Plaintiffs then filed a motion requesting Judge Miller’s recusal, based on an appearance of impropriety, due to the undisclosed law clerk relationships. (Doc. 503.) This motion included a reply memorandum and several more sworn declarations. (Docs. 504, 505, 506, 524, 525, 526, 527, 539.) Judge Miller ultimately denied our motion (Doc. 549) and stated in his December 18, 2024 order:

Plaintiffs are seeking to disqualify this Court and vacate orders in which Jim Morrison,[1] a law clerk employed with the Minnesota Judicial Branch in Otter Tail County, was the “author.”

Based on an objective examination of the facts in this matter, a reasonable examiner would not question Judge Miller’s impartiality.
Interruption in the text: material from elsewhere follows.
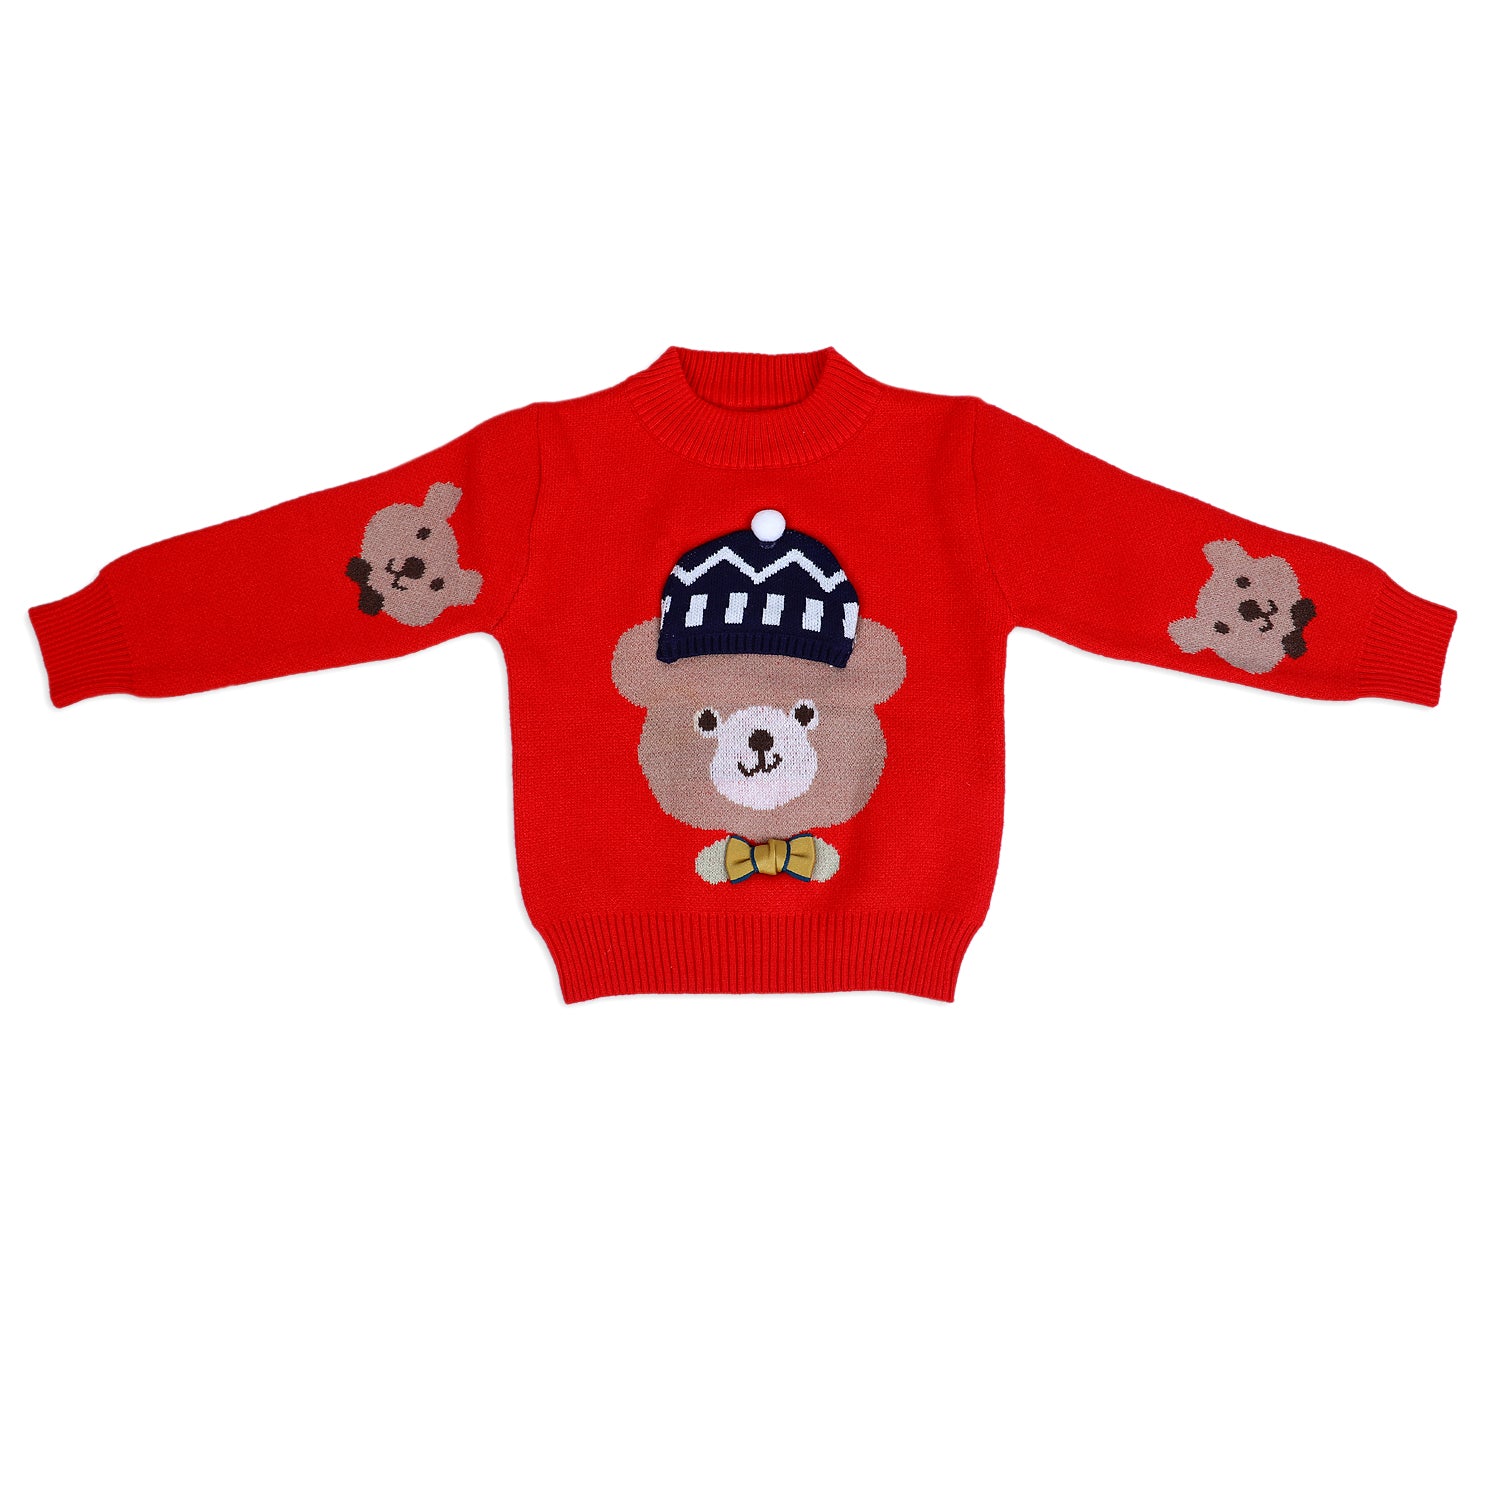 Mr. Bear Premium Full Sleeves Knitted Sweater With 3D Applique - Red - Baby Moo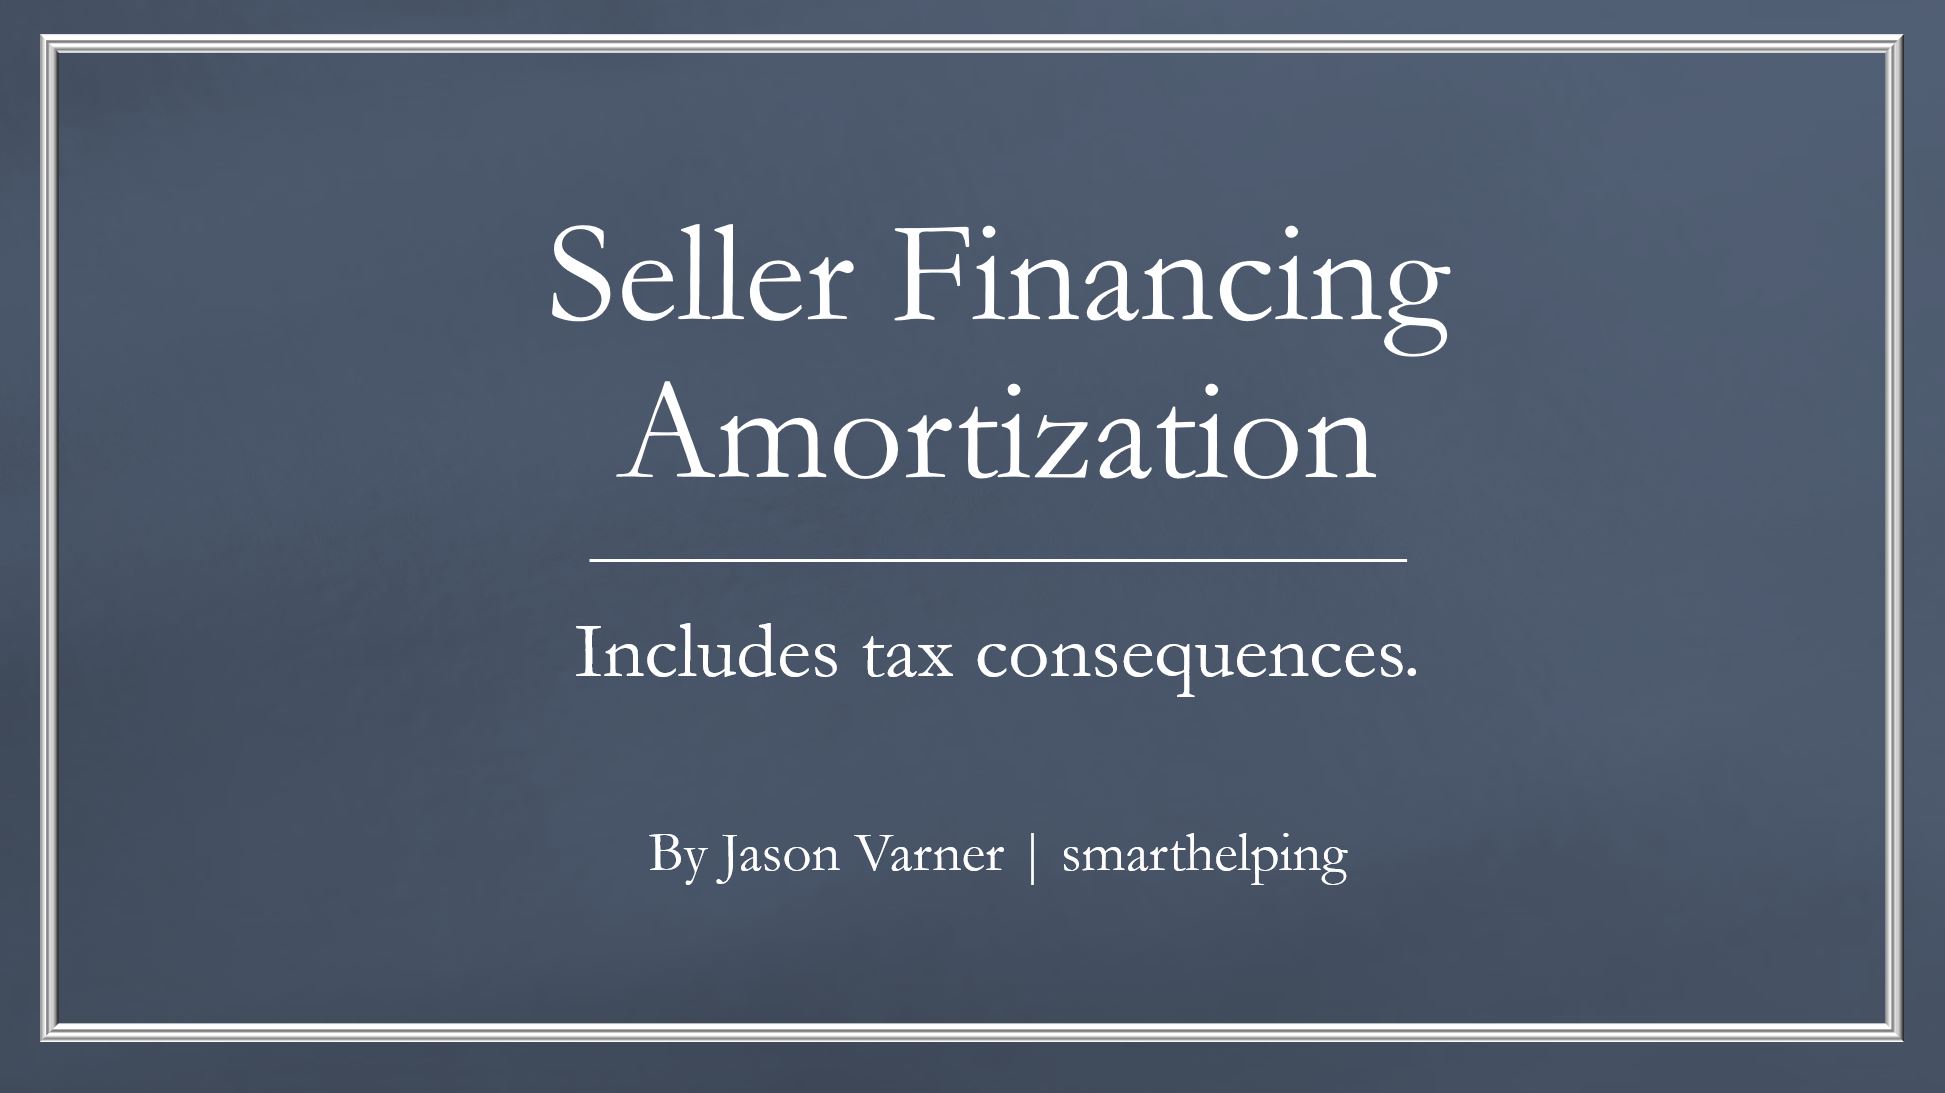 Seller Financing Amortization Schedule with Tax Logic

A reasonable examiner would not question the Court’s impartiality based on Mr. Morrison’s work with the Court in this matter; therefore, disqualification is not required, and the motion to disqualify will be denied.

(Doc.  549, at 3, 6.)[2]

Plaintiffs are currently appealing Judge Miller’s December 18, 2024 order.

 

  1. Plaintiffs do not know and have never met Mr. Morrison. As a result, we have never used the informal name “Jim” in any of our filings, instead always using the formal name “James” to refer to Clerk Morrison.
  2. Judge Miller’s two orders in Plaintiffs’ case following our June 17, 2024 letter were authored by Katie Gustafson, not by James Morrison. (See Doc. 546, 549.) Katie Gustafson is not listed as the author of any other orders in our case.

AI Analysis

Plaintiffs used Artificial Intelligence to analyze Judge Miller’s December 18, 2024 Order Denying Recusal and Vacatur:

ChatGPT (AI) Analysis

  • Judicial Staff Can Create an Appearance of Impropriety
    In Powell v. Anderson, an appellate judge’s law firm had a minor past relationship with one party. The Minnesota Supreme Court still ruled that disqualification was necessary because the connection created an appearance of favoritism. Here, Morrison was a law clerk for the father of the defense attorney—a far stronger connection than in Powell.
  • The “Reasonable Examiner” Standard Was Ignored
    Would an unbiased layperson question impartiality if they knew a law clerk who drafted orders had worked for a judge closely tied to one party’s attorney? The answer is likely yes, meaning disqualification should have been required.
  • Judicial Confidence Is Already Undermined
    The fact that this motion was filed at all proves the public perception of bias exists. Liljeberg itself held that late-discovered conflicts require strong action to preserve judicial credibility.
  • Key Takeaways from Other Cases
    Minnesota and U.S. Supreme Court cases consistently favor disqualification when a reasonable observer would suspect bias. Judge Miller’s dismissal of the appearance of impropriety contradicts past rulings requiring recusal.
  • Conclusion: Appearance of Impropriety Was Present
    Judge Miller’s failure to disclose his law clerk’s past employment in a timely manner raises serious concerns. His reasoning minimizes the power law clerks have in judicial decision-making, contradicting Powell and Caperton. The reasonable examiner test was ignored, despite clear case law requiring its application. His use of Liljeberg was selective, applying its factors to justify judicial finality rather than to evaluate bias.
  • 📌 Final Judgment:
    A reasonable observer would likely see a conflict of interest.
    Judge Miller should have recused himself.
ChatGPT 4o

An independent, fair, and impartial judiciary is indispensable to our system of justice. The United States legal system is based upon the principle that an independent, impartial, and competent judiciary, composed of men and women of integrity, will interpret and apply the law that governs our society. Thus, the judiciary plays a central role in preserving the principles of justice and the rule of law. Inherent in all the Rules contained in this Code are the precepts that judges, individually and collectively, must respect and honor the judicial office as a public trust and strive to maintain and enhance confidence in the legal system.

Judges should maintain the dignity of judicial office at all times, and avoid both impropriety and the appearance of impropriety in their professional and personal lives. They should aspire at all times to conduct that ensures the greatest possible public confidence in their independence, impartiality, integrity, and competence.